L’effort est considérable ! J’ai enfin demandé à ce qu’il
y ait un volet sur l’accès au travail et au logement des détenus dans
le programme social de Jean-Louis Borloo.
loi Kouchner réservée aux "mourants"
Aujourd’hui, les tribunaux d’application des peines
répondent favorablement à une demande sur deux. Ce n’est pas rien.
Quand Bernard Kouchner (l’ancien ministre de la Santé de Lionel Jospin,
ndlr) a présenté sa loi en 2002, il s’agissait d’autoriser la sortie
pour les détenus dont le pronostic vital est engagé ou quand l’état de
santé est incompatible avec le maintien en détention. Ils ne sont
d’ailleurs pas graciés mais obtiennent une suspension de peine et
doivent retourner en prison en cas de guérison. Pour moi, cela concerne
avant tout les personnes dont l’espérance de vie ne dépasse pas
quelques semaines, afin qu’ils ne meurent pas en prison. C’est pourquoi
j’ai souhaité que les condamnés présentant un risque élevé de récidive
soient exclus du dispositif. Quand j’entends que d’anciens terroristes
non repentis font leurs courses sur les marchés, alors qu’ils étaient,
disait-on, à l’article de la mort... cela m’est insupportable.
Les
malades, même atteints d’une affection grave mais qui ne sont pas au
« seuil de la mort », n’ont pas à bénéficier de cette loi, ils peuvent
être soignés en détention et ils le sont.
Des unités spécialisées pour les malades mentaux
C’est un vrai problème : environ 40% des détenus relèvent de la psychiatrie, mais il y a très peu de lieux pour les soigner. Quand on les met dans des hôpitaux psychiatriques, ils s’évadent. Avec mon collègue de la Santé, nous avons décidé de créer des lieux adaptés. Les premières unités de ce type ouvriront en 2008. Je ne veux pas, pour autant, que ces personnes soient libérées pour être internées dans des établissements psychiatriques, je veux qu’elles continuent à purger leur peine dans un endroit adapté à leur pathologie et à l’écart des autres détenus. Par ailleurs, je veux que chaque criminel sortant de prison fasse l’objet d’un suivi socio-judiciaire avec une injonction de soins réellement appliquée.

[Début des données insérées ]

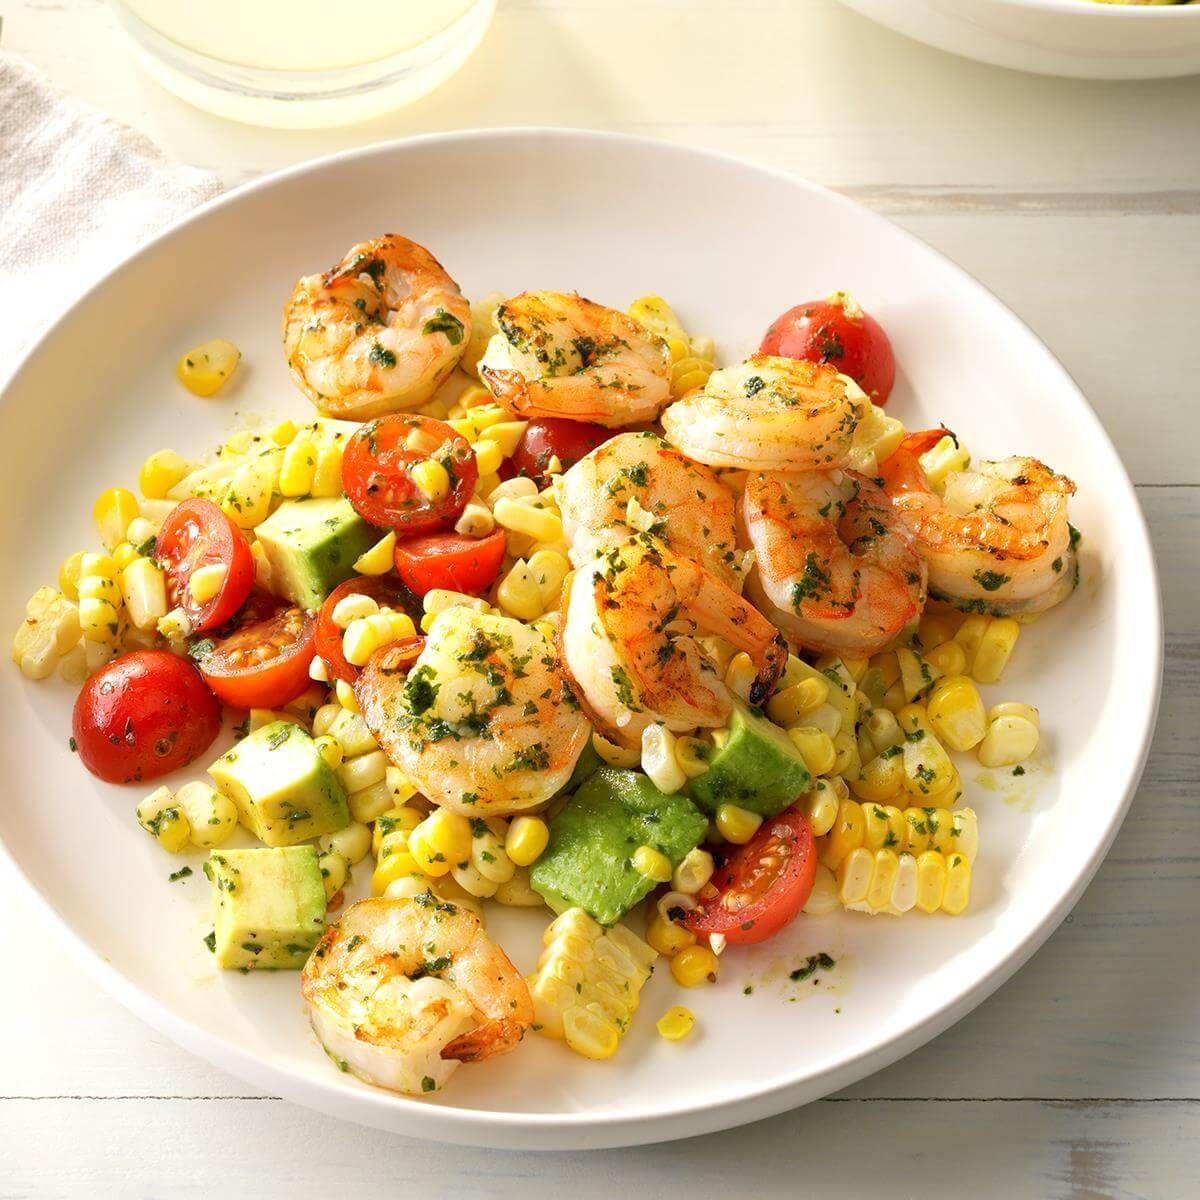 Самые Вкусные Диетические Блюда Для Похудения. Диетические блюда для похудения. Рецепты блюд с низкой калорийностью продуктов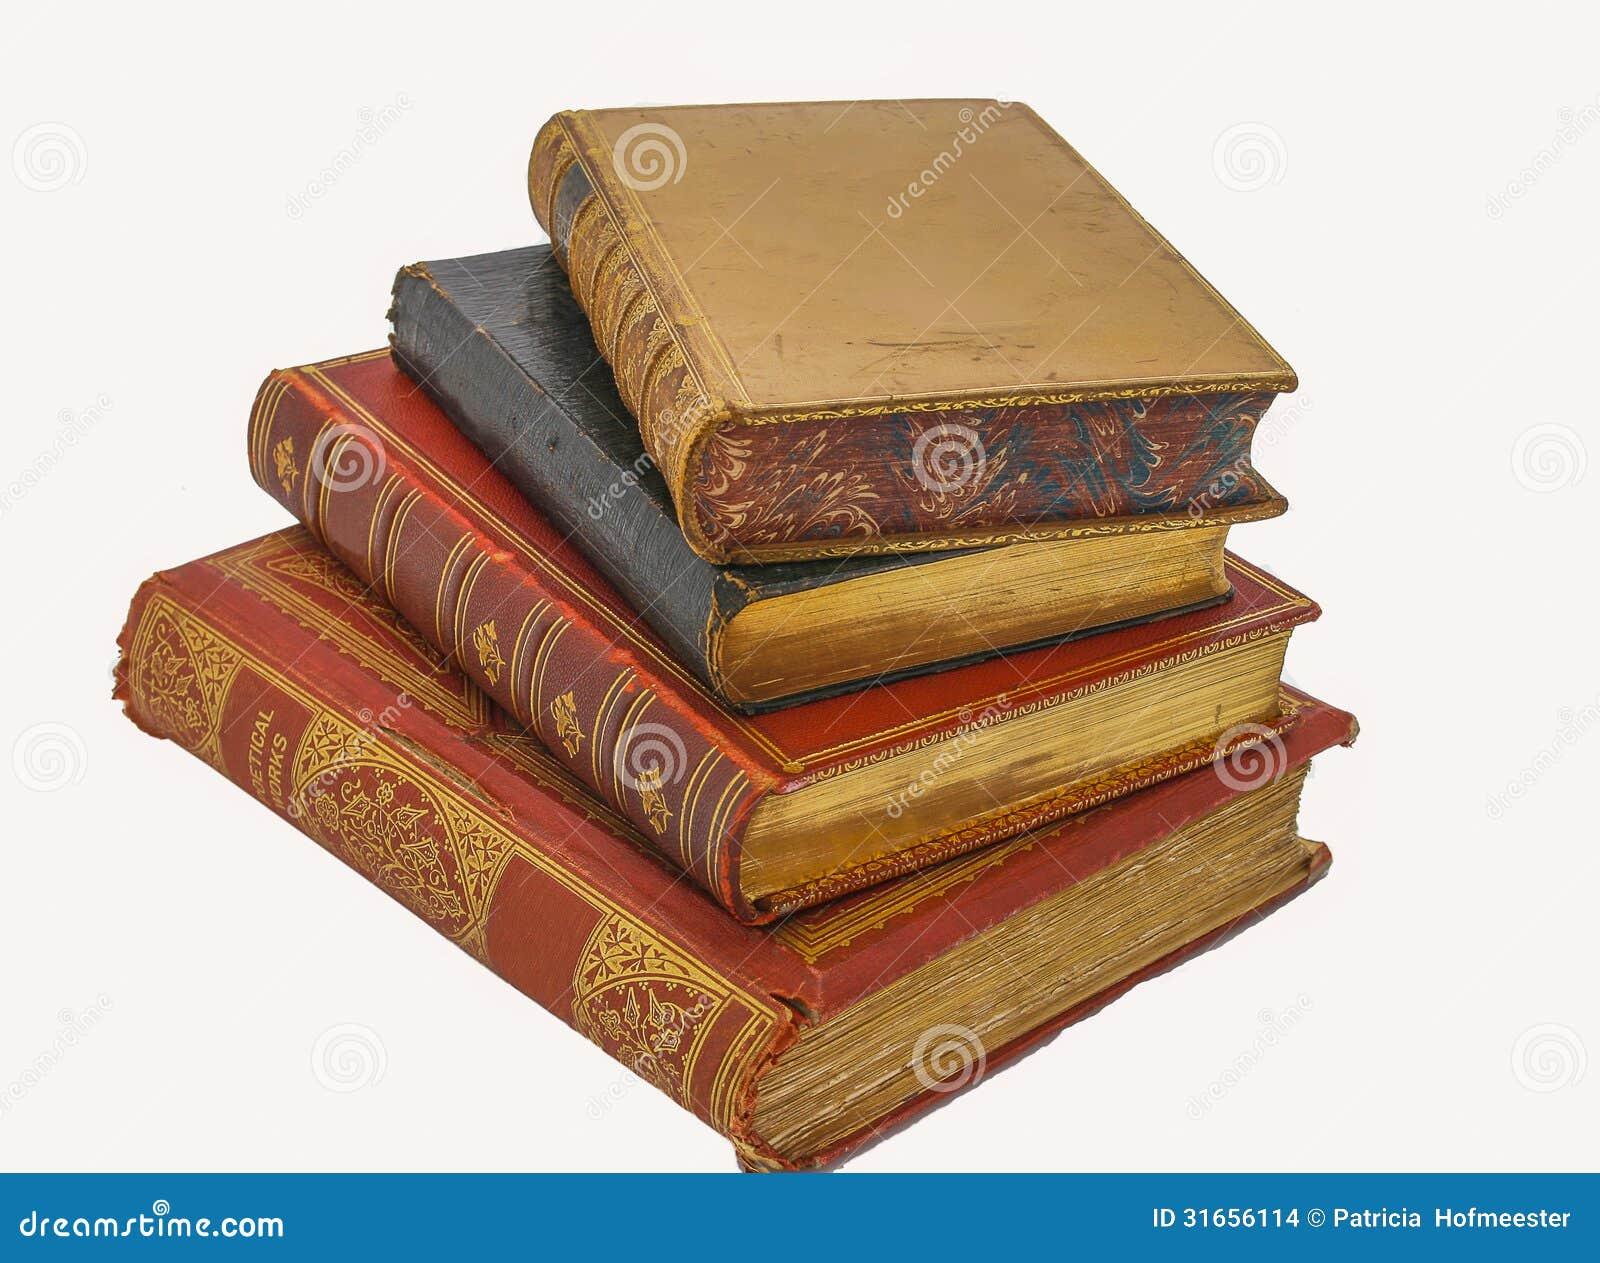 Libros Antiguos Foto De Archivo. Imagen De Colección

Oui aux parloirs familiaux
J’y suis favorable pour les condamnés à de très longues peines ne pouvant bénéficier de permission de sortie. Trois unités de visite familiale ont été mises en place, à titre expérimental. Les détenus peuvent y recevoir leurs conjoints et leurs enfants dans des conditions d’intimité pour une durée maximale de 48 heures. Jusqu’à présent, tout se passe bien, avec un impact très positif notamment sur les enfants. Je veux l’étendre à d’autres établissements.